TensorRT Version: 7.2.1.6
GPU Type: RTX 3080ti
Nvidia Driver Version: 470.103.01
CUDA Version: 11.4
CUDNN Version:
Operating System + Version: Ubuntu 18.04
Python Version (if applicable): 3.6.9
TensorFlow Version (if applicable): 2.3.1
PyTorch Version (if applicable):
Baremetal or Container (if container which image + tag): http://nvcr.io/nvidia/tensorflow:20.11-tf2-py3

AakankshaS · July 13, 2023, 1:07pm

Hi,

Request you to share the model, script, profiler, and performance output if not shared already so that we can help you better.

Alternatively, you can try running your model with trtexec command.

While measuring the model performance, make sure you consider the latency and throughput of the network inference, excluding the data pre and post-processing overhead.
Please refer to the below links for more details:

Thanks!

anirudh.badrinath99 · July 14, 2023, 7:20am

@AakankshaS I don’t have any issues with the throughput of the tf-trt model. The only problem that I face is that the load time of the serialized tf_trt-converted SavedModel is very high.

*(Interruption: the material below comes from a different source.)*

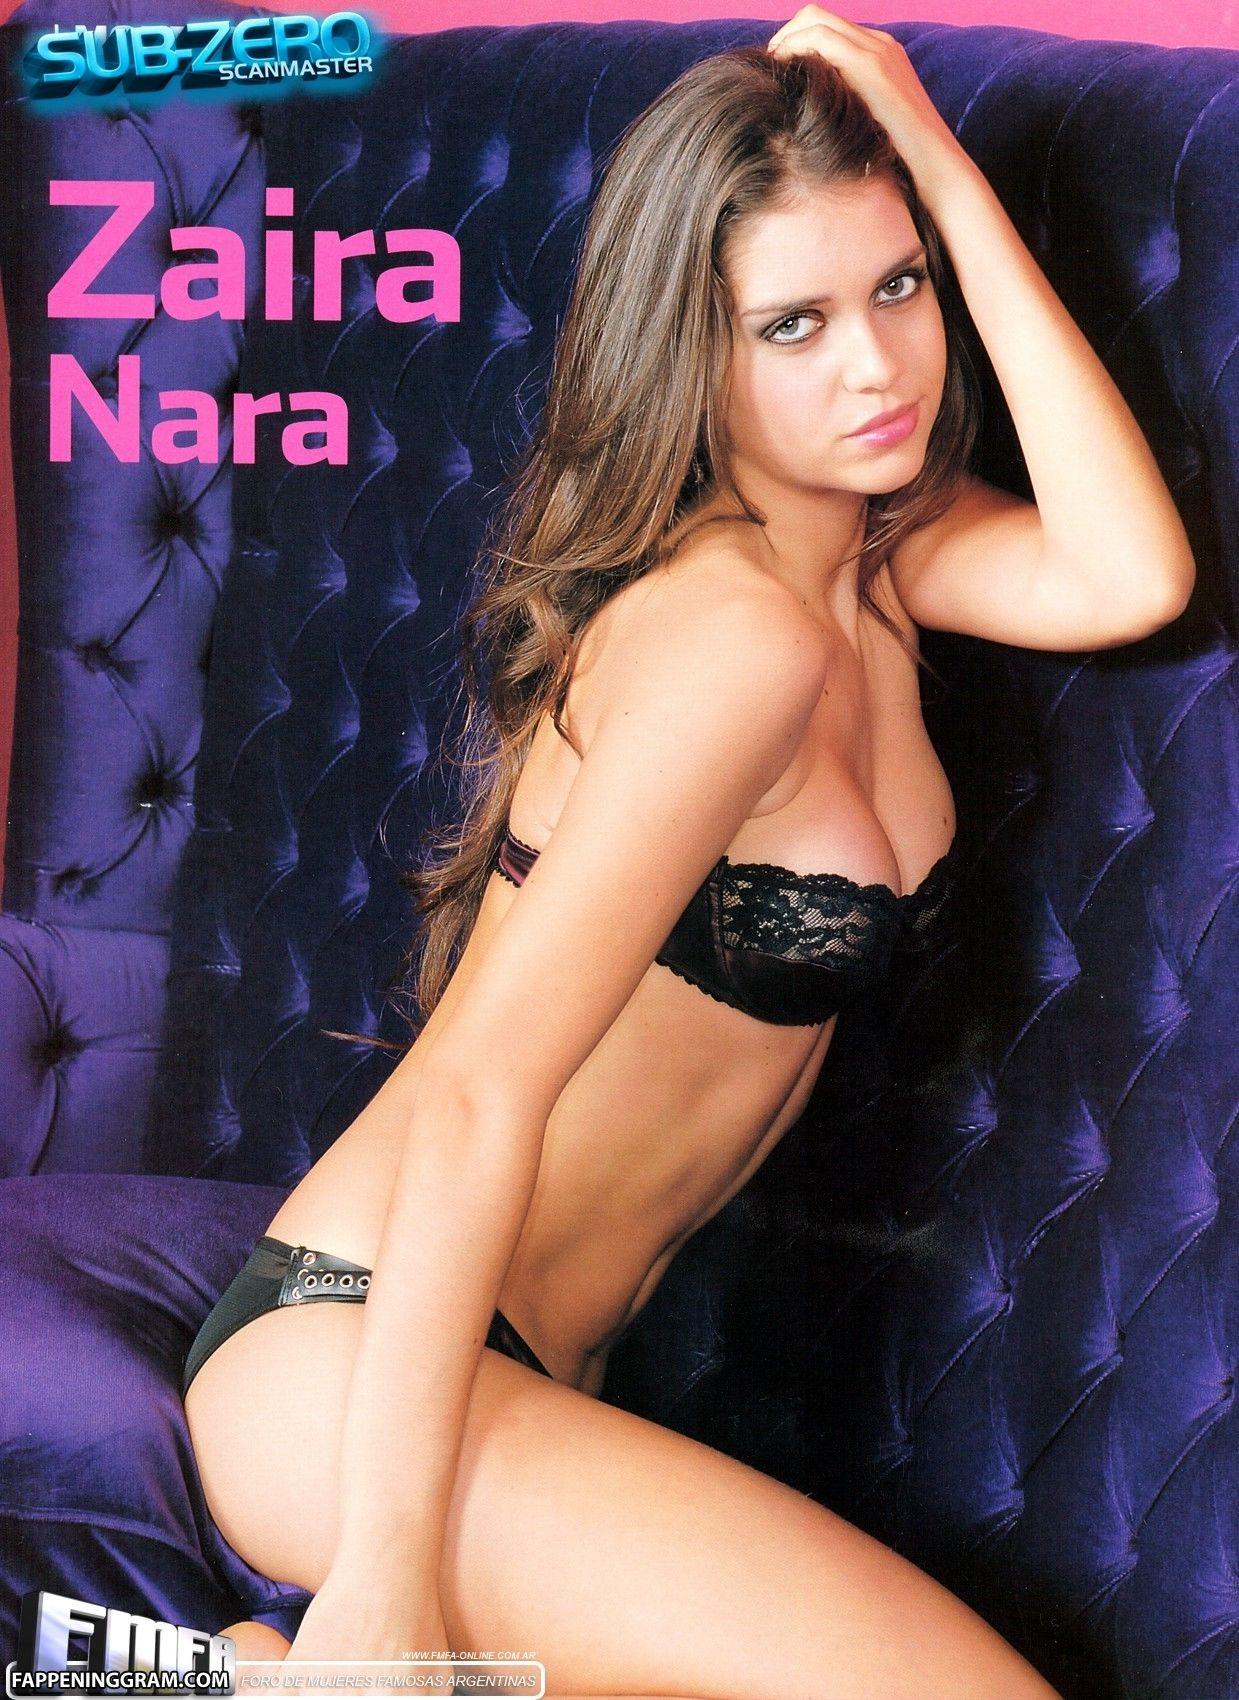 Zaira nara sexy girl legs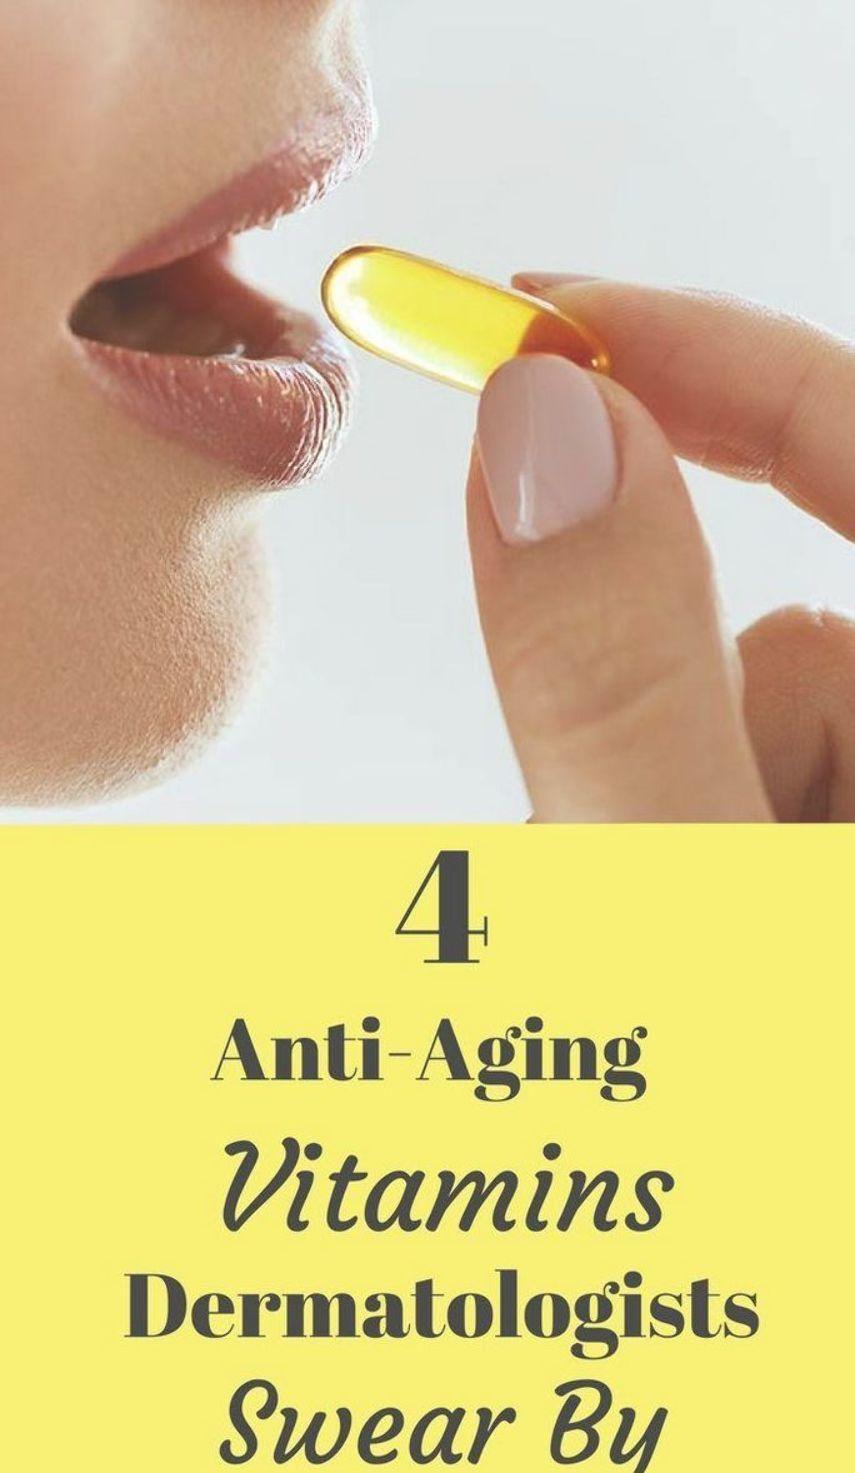 4 Anti-Aging Vitamins Dermatologists Swear By. #beauty #style #fashion #hair #makeup #skincare #nail...

spolisetty · July 17, 2023, 4:16am

Hi,

We recommend that you please try the latest TensorRT version 8.6.1.
If you still face this issue, please share with us minimal issue repro model, scripts and steps.

Thank you.

anirudh.badrinath99 · July 18, 2023, 7:57am

def performance_testing(model_path):
    root = tf.saved_model.load(model_path)
    infer = root.signatures['serving_default']
    output_tensorname = list(infer.structured_outputs.keys())[0]
    INFERENCE_STEPS = 2000
    WARMUP_STEPS = 300
    features = tf.random.uniform((1,320,544,3))
    print(f"**********{features.dtype}************")
    try:
        step_times = list()
        step = 1
        for step in range(1, INFERENCE_STEPS + 1):
            if step % 100 == 0:
                print("Processing step: %04d ..." % step)
            start_t = time.perf_counter()
            mask = infer(features)[output_tensorname].numpy()
            step_time = time.perf_counter() - start_t
            if step >= WARMUP_STEPS:
                step_times.append(step_time)
    except tf.errors.OutOfRangeError:
        pass

    avg_step_time = statistics.mean(step_times)
    print("\nAverage step time: %.1f msec" % (avg_step_time * 1e3))
    print("Average throughput: %d samples/sec" % (
        1 / avg_step_time
    ))

Here’s the code to replicate my issue. It loads the serialized tf-trt SavedModel and then runs forward passes. It takes a minimum of 40 seconds to load the model. I have attached a converted Savedmodel that can be loaded and run with this code
converted_model.zip (75.8 MB)

spolisetty · July 20, 2023, 12:28pm

Hi,

Could you please share the output of the above script on your system.

Thank you.

anirudh.badrinath99 · July 24, 2023, 9:19am

Please find the attached output file.
I added just one extra print line that prints the time taken from the start of the script up until the first forward pass, just to give you more context.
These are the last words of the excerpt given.